Content starts

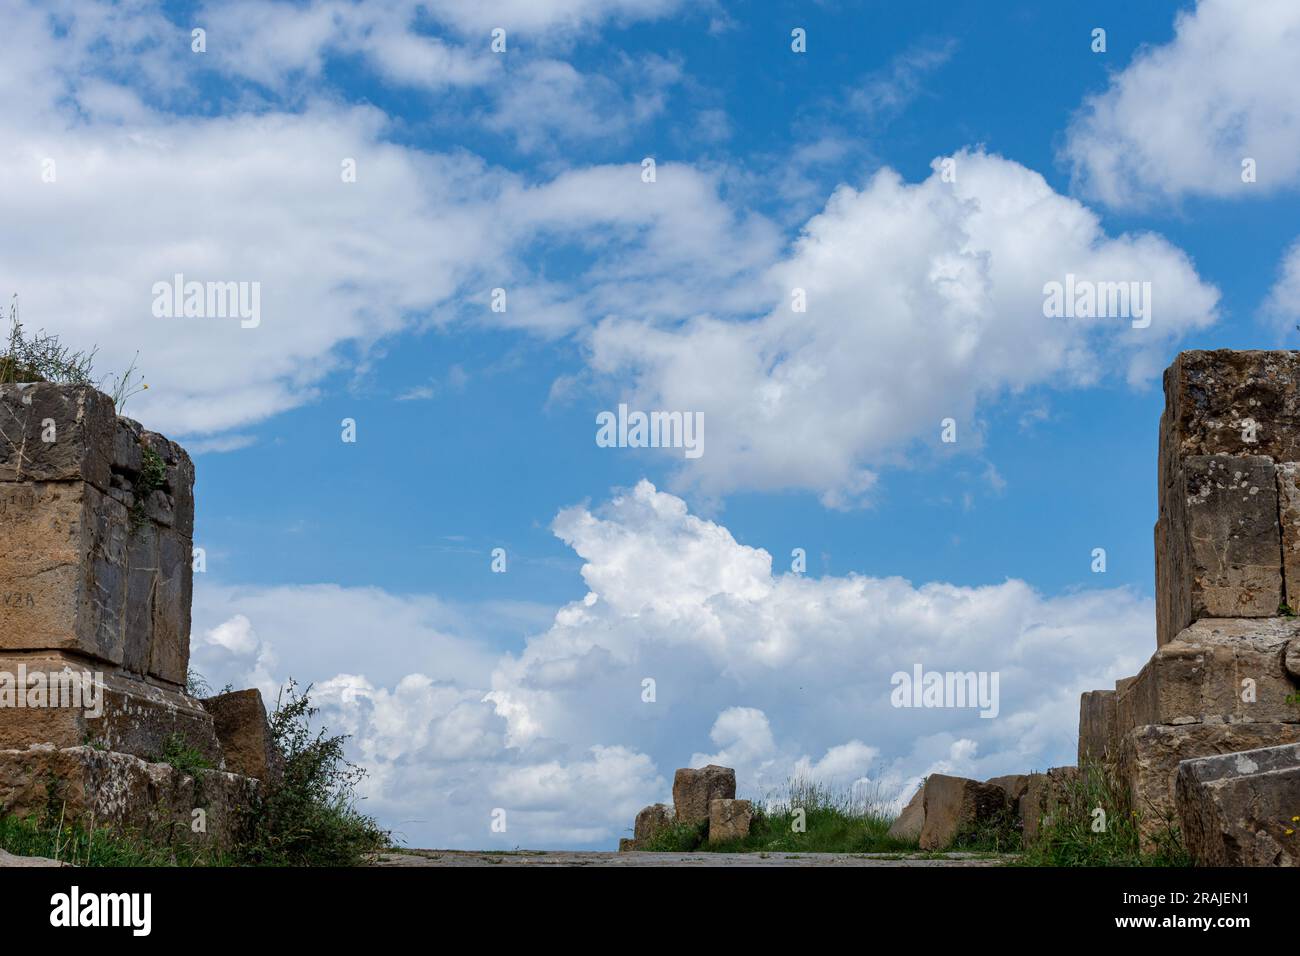 Ruines romaines dans l'ancienne ville de Cuicul à Djemila, Sétif, Algérie. Site du patrimoine mondial de l'UNESCO. Banque D'Images
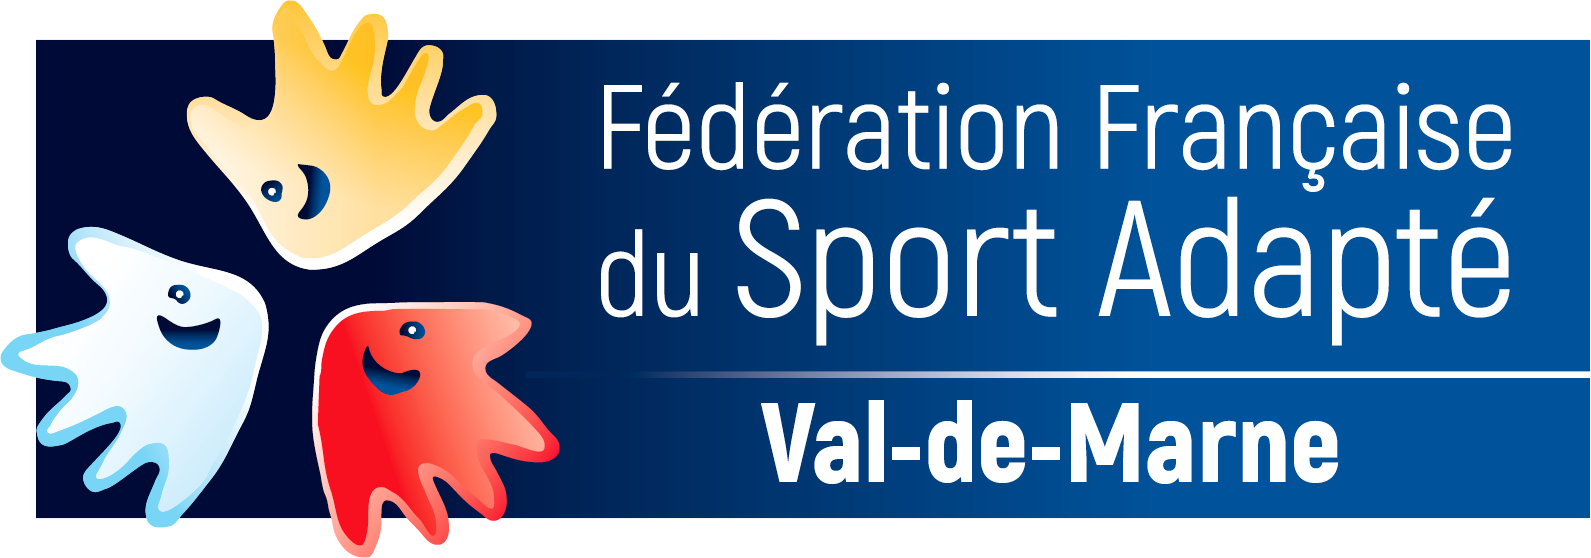 Comité de Sport Adapté du Val-de-Marne
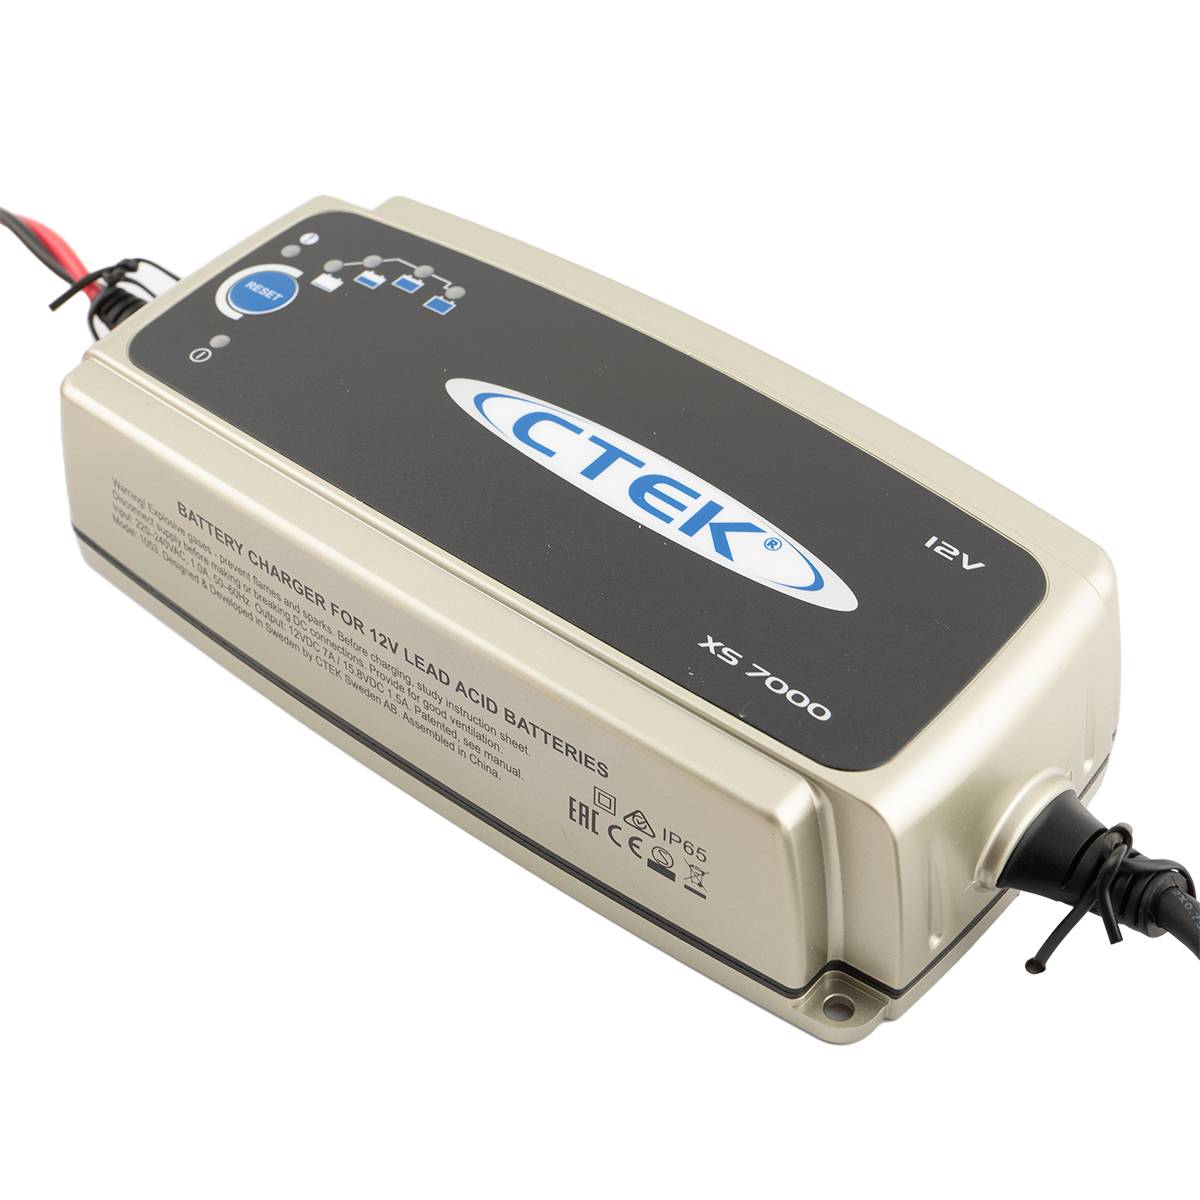 CTEK XS 7000 EU Batterie Ladegerät 12V 7A für Blei-Säure Batterien
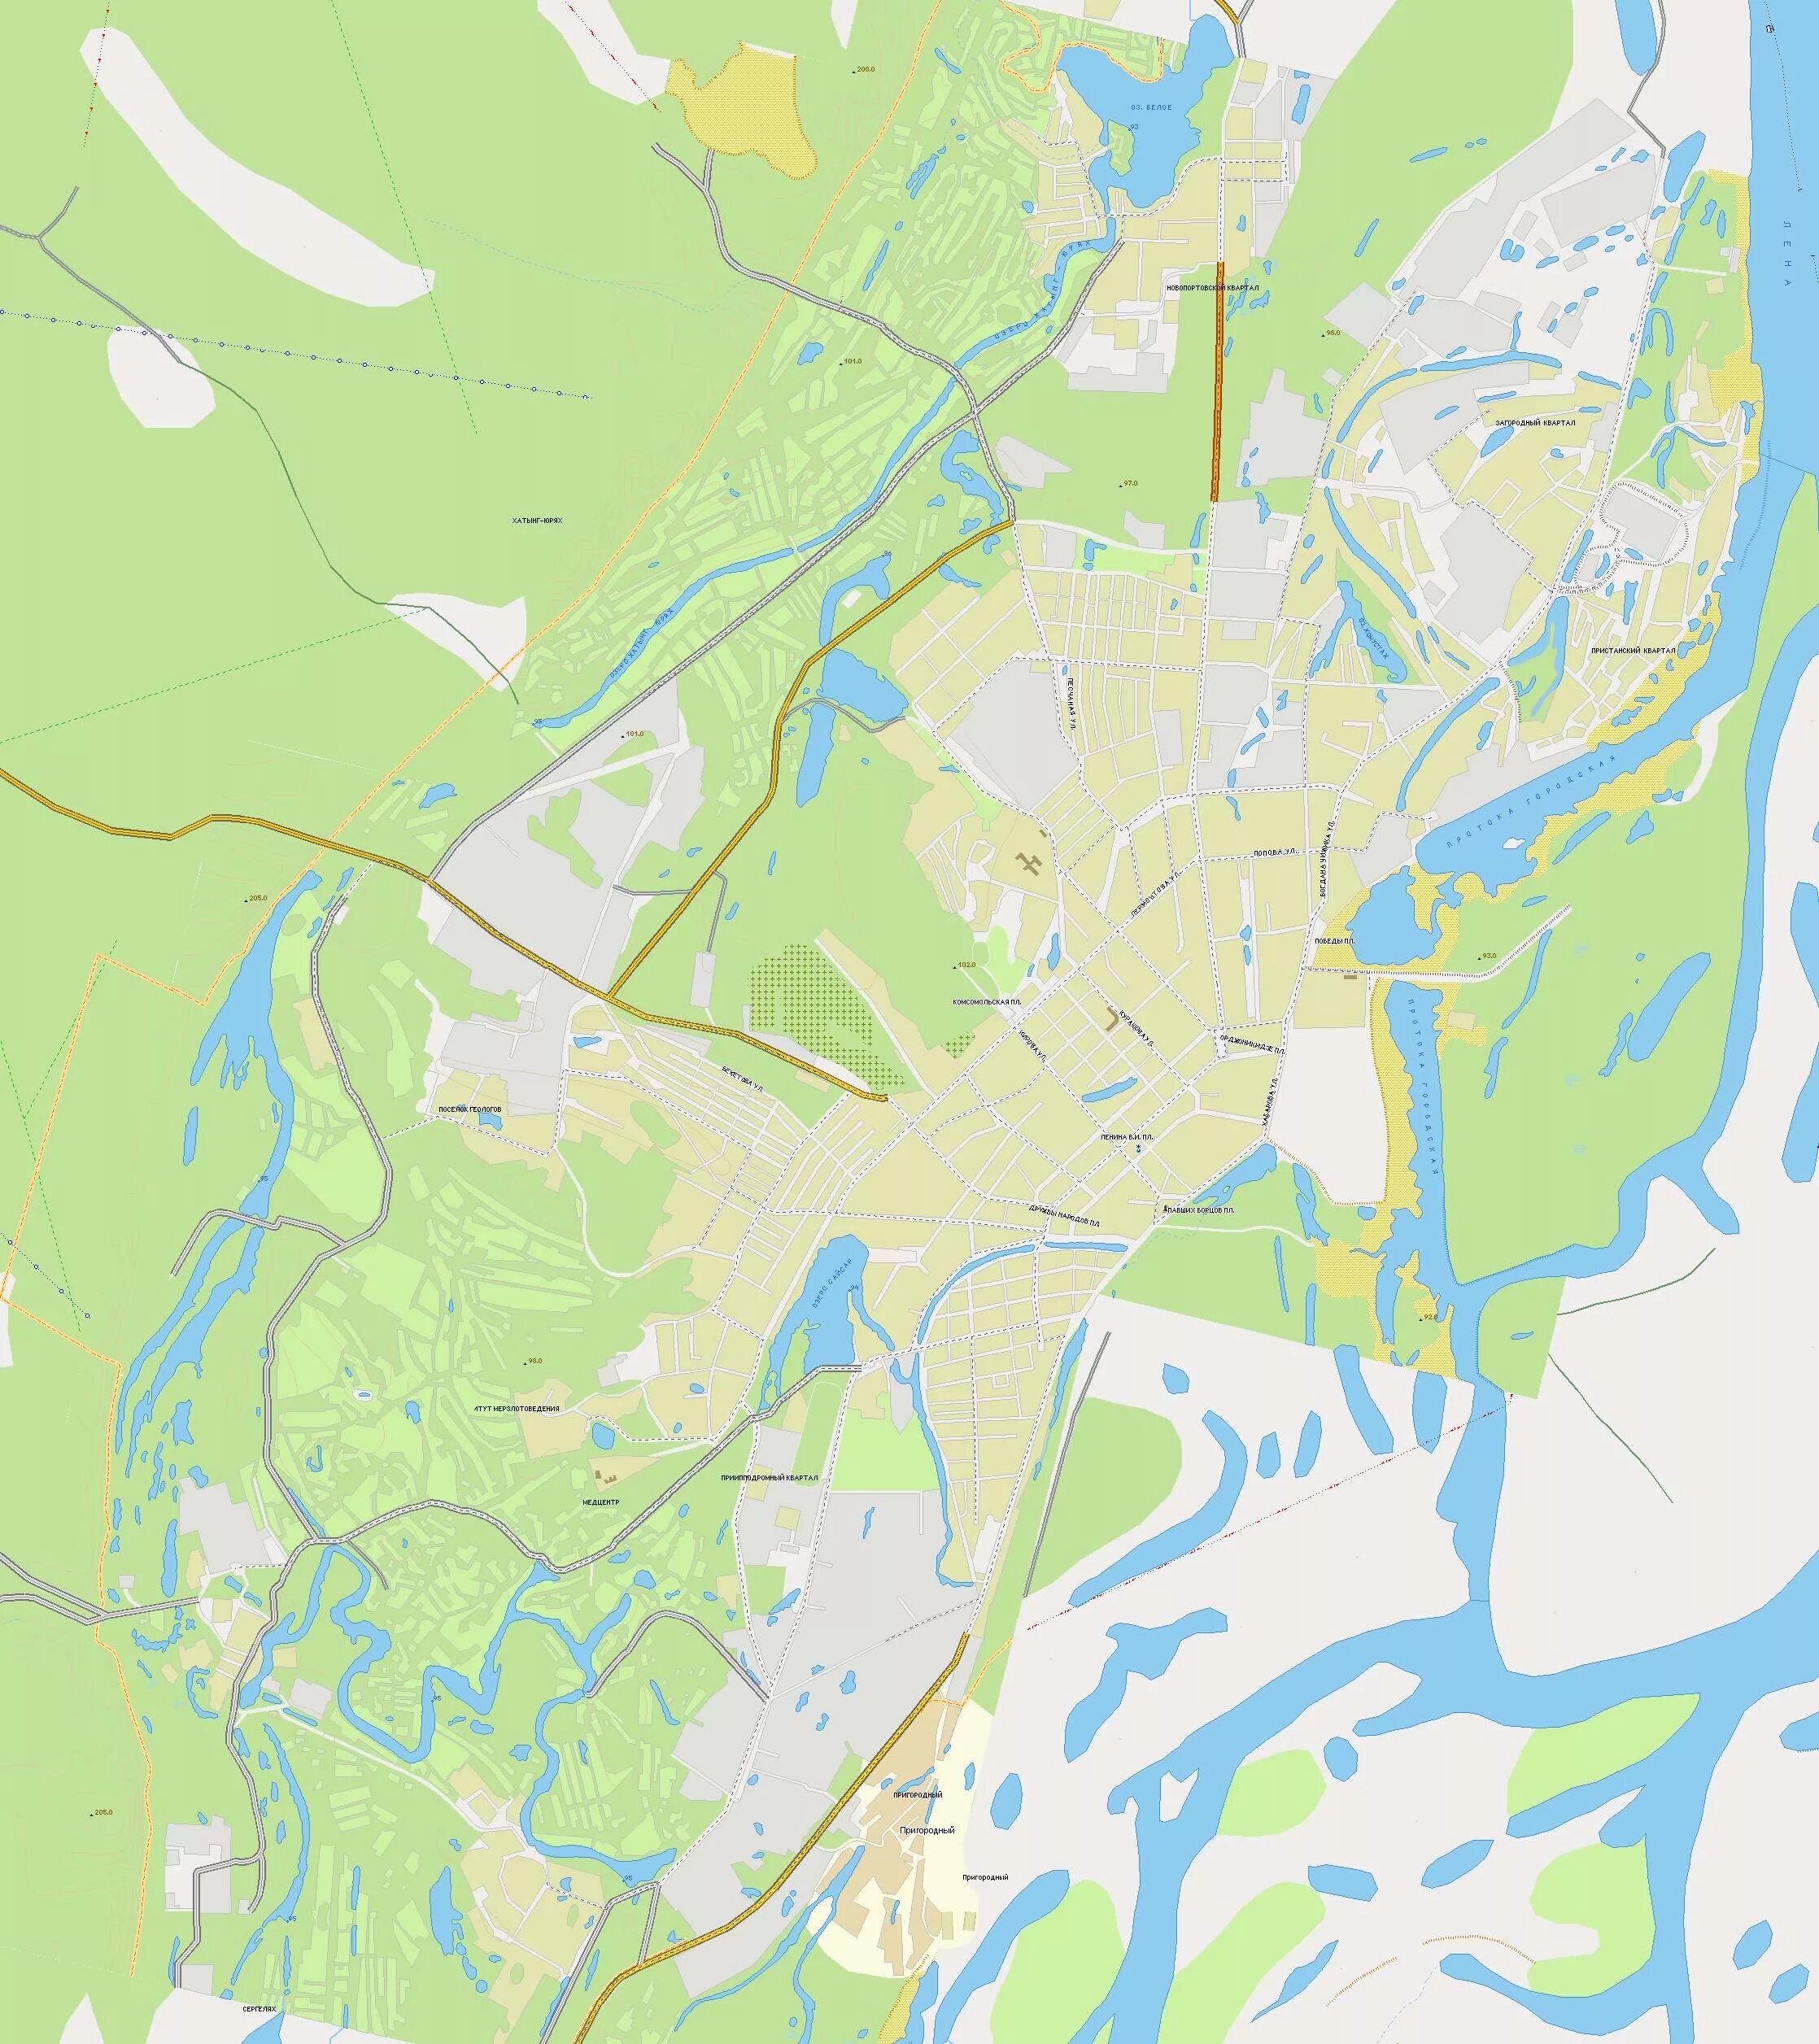 План города Якутска. Г Якутск на карте. Карта Якутск с масштабом. Подпишите на карте город якутск

Content ends

**What this task involves**: The expected answer is the full listing above, transcribed exactly and without pictures.

**Solved problem**:
 Ruines romaines dans l'ancienne ville de Cuicul à Djemila, Sétif, Algérie. Site du patrimoine mondial de l'UNESCO. Banque D'Images
 Comité de Sport Adapté du Val-de-Marne
 CTEK XS 7000 EU Batterie Ladegerät 12V 7A für Blei-Säure Batterien
 План города Якутска. Г Якутск на карте. Карта Якутск с масштабом. Подпишите на карте город якутск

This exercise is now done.